▶ [Activity]
Please repeat only the stretch of records running from the first line through the line that contains "Nexo knights fun coloring book".
▼
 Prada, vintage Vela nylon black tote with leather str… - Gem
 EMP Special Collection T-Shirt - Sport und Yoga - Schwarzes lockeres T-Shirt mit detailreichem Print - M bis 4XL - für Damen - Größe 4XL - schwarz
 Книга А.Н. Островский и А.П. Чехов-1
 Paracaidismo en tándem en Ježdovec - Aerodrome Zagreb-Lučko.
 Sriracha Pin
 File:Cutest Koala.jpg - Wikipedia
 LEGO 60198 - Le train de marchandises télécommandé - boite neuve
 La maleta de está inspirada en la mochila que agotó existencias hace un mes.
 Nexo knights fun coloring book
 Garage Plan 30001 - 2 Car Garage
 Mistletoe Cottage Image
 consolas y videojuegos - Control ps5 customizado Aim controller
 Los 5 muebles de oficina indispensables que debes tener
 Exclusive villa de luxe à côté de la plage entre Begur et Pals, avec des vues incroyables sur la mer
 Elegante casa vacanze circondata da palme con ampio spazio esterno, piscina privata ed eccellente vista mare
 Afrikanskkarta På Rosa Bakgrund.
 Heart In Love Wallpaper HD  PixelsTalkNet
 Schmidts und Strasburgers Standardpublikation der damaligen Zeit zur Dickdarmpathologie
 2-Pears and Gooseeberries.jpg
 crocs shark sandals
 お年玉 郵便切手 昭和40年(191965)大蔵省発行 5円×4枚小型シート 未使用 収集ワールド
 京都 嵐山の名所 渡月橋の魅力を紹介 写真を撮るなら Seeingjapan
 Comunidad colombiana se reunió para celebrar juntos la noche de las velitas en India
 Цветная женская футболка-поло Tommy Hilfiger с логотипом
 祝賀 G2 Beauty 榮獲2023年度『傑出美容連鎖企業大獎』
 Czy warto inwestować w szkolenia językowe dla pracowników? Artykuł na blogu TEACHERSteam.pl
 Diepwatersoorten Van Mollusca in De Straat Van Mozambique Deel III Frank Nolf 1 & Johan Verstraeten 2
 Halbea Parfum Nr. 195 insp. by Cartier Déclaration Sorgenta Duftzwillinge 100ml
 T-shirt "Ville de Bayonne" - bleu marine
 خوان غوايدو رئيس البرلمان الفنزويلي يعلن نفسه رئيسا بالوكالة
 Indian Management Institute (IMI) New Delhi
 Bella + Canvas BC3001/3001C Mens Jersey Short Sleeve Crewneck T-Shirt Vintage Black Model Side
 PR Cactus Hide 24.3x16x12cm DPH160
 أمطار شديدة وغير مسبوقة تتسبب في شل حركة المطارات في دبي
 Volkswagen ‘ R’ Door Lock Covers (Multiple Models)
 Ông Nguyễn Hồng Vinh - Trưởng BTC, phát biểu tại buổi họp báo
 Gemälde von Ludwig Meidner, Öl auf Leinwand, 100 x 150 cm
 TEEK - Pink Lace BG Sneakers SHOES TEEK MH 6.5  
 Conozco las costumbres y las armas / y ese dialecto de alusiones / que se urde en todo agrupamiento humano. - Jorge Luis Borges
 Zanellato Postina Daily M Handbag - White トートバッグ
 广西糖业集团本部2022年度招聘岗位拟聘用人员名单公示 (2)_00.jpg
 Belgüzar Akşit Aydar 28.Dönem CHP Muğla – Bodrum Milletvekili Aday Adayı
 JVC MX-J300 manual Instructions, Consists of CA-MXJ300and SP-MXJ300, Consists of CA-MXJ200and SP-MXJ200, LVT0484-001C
▲
▶ [Task output]
 Prada, vintage Vela nylon black tote with leather str… - Gem
 EMP Special Collection T-Shirt - Sport und Yoga - Schwarzes lockeres T-Shirt mit detailreichem Print - M bis 4XL - für Damen - Größe 4XL - schwarz
 Книга А.Н. Островский и А.П. Чехов-1
 Paracaidismo en tándem en Ježdovec - Aerodrome Zagreb-Lučko.
 Sriracha Pin
 File:Cutest Koala.jpg - Wikipedia
 LEGO 60198 - Le train de marchandises télécommandé - boite neuve
 La maleta de está inspirada en la mochila que agotó existencias hace un mes.
 Nexo knights fun coloring book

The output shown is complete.